Stored data entries
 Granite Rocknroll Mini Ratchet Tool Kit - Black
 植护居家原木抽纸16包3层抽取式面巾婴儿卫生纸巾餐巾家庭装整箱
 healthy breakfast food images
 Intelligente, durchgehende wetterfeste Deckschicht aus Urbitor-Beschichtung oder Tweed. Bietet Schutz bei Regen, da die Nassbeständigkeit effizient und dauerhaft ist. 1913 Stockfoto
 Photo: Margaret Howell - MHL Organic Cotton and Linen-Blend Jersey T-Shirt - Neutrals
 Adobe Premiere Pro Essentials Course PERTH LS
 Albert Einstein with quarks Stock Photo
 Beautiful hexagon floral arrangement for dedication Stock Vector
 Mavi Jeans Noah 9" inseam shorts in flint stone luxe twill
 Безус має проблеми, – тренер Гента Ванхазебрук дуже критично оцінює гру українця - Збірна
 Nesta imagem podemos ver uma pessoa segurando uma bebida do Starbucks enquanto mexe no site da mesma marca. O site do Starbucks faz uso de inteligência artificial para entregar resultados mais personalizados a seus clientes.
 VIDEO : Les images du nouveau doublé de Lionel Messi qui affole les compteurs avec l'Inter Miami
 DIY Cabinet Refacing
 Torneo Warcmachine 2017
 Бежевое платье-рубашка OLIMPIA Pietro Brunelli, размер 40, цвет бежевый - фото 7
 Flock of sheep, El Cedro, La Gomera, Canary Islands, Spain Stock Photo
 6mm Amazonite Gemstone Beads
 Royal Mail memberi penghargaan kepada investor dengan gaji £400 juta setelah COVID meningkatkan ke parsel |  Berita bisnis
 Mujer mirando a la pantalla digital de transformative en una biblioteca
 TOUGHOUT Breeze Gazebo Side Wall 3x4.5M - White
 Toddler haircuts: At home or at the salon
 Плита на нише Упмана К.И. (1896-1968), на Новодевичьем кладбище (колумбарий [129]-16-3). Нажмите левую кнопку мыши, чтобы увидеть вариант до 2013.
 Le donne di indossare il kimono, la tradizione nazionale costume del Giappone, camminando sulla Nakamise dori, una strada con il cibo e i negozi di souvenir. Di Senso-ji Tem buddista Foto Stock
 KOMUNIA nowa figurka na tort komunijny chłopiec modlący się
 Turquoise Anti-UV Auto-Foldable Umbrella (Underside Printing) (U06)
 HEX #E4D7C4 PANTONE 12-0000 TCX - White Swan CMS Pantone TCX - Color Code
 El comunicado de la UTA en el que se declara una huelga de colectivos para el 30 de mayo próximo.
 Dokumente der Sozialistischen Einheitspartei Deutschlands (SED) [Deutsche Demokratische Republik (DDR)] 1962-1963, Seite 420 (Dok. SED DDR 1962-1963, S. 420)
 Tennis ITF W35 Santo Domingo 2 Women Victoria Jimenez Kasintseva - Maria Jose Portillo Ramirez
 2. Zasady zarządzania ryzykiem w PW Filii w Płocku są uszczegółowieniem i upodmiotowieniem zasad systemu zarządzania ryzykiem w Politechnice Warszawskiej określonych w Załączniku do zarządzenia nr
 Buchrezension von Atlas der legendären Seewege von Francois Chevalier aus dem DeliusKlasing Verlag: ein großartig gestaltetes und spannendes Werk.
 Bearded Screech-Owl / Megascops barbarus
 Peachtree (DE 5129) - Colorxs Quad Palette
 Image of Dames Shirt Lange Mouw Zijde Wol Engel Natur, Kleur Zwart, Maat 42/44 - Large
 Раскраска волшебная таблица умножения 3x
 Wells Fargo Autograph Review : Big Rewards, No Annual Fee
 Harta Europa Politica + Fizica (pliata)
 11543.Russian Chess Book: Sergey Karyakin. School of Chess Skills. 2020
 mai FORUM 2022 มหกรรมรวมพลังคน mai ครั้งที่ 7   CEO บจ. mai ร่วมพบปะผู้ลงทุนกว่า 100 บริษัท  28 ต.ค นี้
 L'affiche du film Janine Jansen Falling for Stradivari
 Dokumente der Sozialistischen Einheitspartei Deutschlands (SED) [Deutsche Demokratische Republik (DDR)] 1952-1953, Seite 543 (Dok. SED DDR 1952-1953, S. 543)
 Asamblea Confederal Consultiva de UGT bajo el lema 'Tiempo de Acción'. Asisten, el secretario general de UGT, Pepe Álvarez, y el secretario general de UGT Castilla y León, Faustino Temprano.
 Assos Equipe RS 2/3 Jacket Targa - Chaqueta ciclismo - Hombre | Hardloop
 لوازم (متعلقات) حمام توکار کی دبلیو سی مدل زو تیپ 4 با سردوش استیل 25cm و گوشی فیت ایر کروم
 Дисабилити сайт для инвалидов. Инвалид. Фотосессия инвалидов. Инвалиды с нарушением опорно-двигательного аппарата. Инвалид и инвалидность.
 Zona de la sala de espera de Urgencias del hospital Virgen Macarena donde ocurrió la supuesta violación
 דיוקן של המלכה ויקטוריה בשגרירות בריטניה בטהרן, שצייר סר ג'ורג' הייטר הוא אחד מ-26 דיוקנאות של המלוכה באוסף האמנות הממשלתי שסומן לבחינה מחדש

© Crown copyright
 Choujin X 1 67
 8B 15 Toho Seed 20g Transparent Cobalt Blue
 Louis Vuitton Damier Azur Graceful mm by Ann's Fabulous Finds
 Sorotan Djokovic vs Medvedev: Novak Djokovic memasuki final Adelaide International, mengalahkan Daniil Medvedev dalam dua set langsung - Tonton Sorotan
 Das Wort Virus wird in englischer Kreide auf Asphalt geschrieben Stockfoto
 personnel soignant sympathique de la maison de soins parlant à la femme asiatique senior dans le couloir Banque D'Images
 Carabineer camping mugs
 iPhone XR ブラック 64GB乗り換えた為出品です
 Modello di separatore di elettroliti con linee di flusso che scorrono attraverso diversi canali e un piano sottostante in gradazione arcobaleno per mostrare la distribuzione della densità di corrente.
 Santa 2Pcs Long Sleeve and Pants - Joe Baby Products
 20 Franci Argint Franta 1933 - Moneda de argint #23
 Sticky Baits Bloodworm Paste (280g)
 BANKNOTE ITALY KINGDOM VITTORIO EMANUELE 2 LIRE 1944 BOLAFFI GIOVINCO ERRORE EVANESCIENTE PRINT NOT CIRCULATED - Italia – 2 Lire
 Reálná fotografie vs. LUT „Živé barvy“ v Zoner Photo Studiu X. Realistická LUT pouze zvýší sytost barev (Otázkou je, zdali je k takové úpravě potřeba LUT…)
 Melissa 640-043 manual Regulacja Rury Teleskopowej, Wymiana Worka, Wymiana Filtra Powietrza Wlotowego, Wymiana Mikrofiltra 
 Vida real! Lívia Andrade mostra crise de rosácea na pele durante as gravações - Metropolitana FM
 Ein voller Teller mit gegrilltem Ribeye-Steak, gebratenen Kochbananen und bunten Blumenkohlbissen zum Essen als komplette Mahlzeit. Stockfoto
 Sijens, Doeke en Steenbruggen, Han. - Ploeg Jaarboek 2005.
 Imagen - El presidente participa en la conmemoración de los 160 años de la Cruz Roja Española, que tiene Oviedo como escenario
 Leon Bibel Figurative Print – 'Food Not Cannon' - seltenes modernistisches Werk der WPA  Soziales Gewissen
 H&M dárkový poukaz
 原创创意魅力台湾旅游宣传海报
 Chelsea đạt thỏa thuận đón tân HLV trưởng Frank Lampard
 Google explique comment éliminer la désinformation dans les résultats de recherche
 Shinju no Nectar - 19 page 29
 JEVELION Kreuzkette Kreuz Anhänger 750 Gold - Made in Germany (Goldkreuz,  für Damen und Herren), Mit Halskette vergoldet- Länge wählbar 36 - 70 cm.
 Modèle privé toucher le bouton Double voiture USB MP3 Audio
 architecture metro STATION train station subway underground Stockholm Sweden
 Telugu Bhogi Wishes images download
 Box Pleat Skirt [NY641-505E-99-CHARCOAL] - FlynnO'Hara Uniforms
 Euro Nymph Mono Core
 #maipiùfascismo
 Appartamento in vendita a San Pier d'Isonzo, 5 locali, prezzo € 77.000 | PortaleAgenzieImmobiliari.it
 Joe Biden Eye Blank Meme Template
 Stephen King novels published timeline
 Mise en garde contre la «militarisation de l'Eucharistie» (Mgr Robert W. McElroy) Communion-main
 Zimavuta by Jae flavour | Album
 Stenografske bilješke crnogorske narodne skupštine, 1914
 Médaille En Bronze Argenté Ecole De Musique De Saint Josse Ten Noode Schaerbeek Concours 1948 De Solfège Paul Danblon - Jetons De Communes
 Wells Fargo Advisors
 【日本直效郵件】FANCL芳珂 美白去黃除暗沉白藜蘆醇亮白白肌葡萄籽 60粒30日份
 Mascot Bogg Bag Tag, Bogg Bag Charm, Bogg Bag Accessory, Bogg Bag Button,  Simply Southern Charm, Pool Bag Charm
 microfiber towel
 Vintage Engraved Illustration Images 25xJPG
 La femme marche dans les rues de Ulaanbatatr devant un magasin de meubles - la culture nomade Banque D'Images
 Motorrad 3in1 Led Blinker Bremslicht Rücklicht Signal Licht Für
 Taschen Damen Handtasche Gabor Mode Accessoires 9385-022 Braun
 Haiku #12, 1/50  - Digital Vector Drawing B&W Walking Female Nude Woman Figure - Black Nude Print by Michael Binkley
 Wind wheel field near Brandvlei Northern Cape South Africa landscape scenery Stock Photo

[What this task involves]: Beginning with the first line above, could you copy every line exactly, up to and including the one with "HEX #E4D7C4 PANTONE"?

[Written answer]:
 Granite Rocknroll Mini Ratchet Tool Kit - Black
 植护居家原木抽纸16包3层抽取式面巾婴儿卫生纸巾餐巾家庭装整箱
 healthy breakfast food images
 Intelligente, durchgehende wetterfeste Deckschicht aus Urbitor-Beschichtung oder Tweed. Bietet Schutz bei Regen, da die Nassbeständigkeit effizient und dauerhaft ist. 1913 Stockfoto
 Photo: Margaret Howell - MHL Organic Cotton and Linen-Blend Jersey T-Shirt - Neutrals
 Adobe Premiere Pro Essentials Course PERTH LS
 Albert Einstein with quarks Stock Photo
 Beautiful hexagon floral arrangement for dedication Stock Vector
 Mavi Jeans Noah 9" inseam shorts in flint stone luxe twill
 Безус має проблеми, – тренер Гента Ванхазебрук дуже критично оцінює гру українця - Збірна
 Nesta imagem podemos ver uma pessoa segurando uma bebida do Starbucks enquanto mexe no site da mesma marca. O site do Starbucks faz uso de inteligência artificial para entregar resultados mais personalizados a seus clientes.
 VIDEO : Les images du nouveau doublé de Lionel Messi qui affole les compteurs avec l'Inter Miami
 DIY Cabinet Refacing
 Torneo Warcmachine 2017
 Бежевое платье-рубашка OLIMPIA Pietro Brunelli, размер 40, цвет бежевый - фото 7
 Flock of sheep, El Cedro, La Gomera, Canary Islands, Spain Stock Photo
 6mm Amazonite Gemstone Beads
 Royal Mail memberi penghargaan kepada investor dengan gaji £400 juta setelah COVID meningkatkan ke parsel |  Berita bisnis
 Mujer mirando a la pantalla digital de transformative en una biblioteca
 TOUGHOUT Breeze Gazebo Side Wall 3x4.5M - White
 Toddler haircuts: At home or at the salon
 Плита на нише Упмана К.И. (1896-1968), на Новодевичьем кладбище (колумбарий [129]-16-3). Нажмите левую кнопку мыши, чтобы увидеть вариант до 2013.
 Le donne di indossare il kimono, la tradizione nazionale costume del Giappone, camminando sulla Nakamise dori, una strada con il cibo e i negozi di souvenir. Di Senso-ji Tem buddista Foto Stock
 KOMUNIA nowa figurka na tort komunijny chłopiec modlący się
 Turquoise Anti-UV Auto-Foldable Umbrella (Underside Printing) (U06)
 HEX #E4D7C4 PANTONE 12-0000 TCX - White Swan CMS Pantone TCX - Color Code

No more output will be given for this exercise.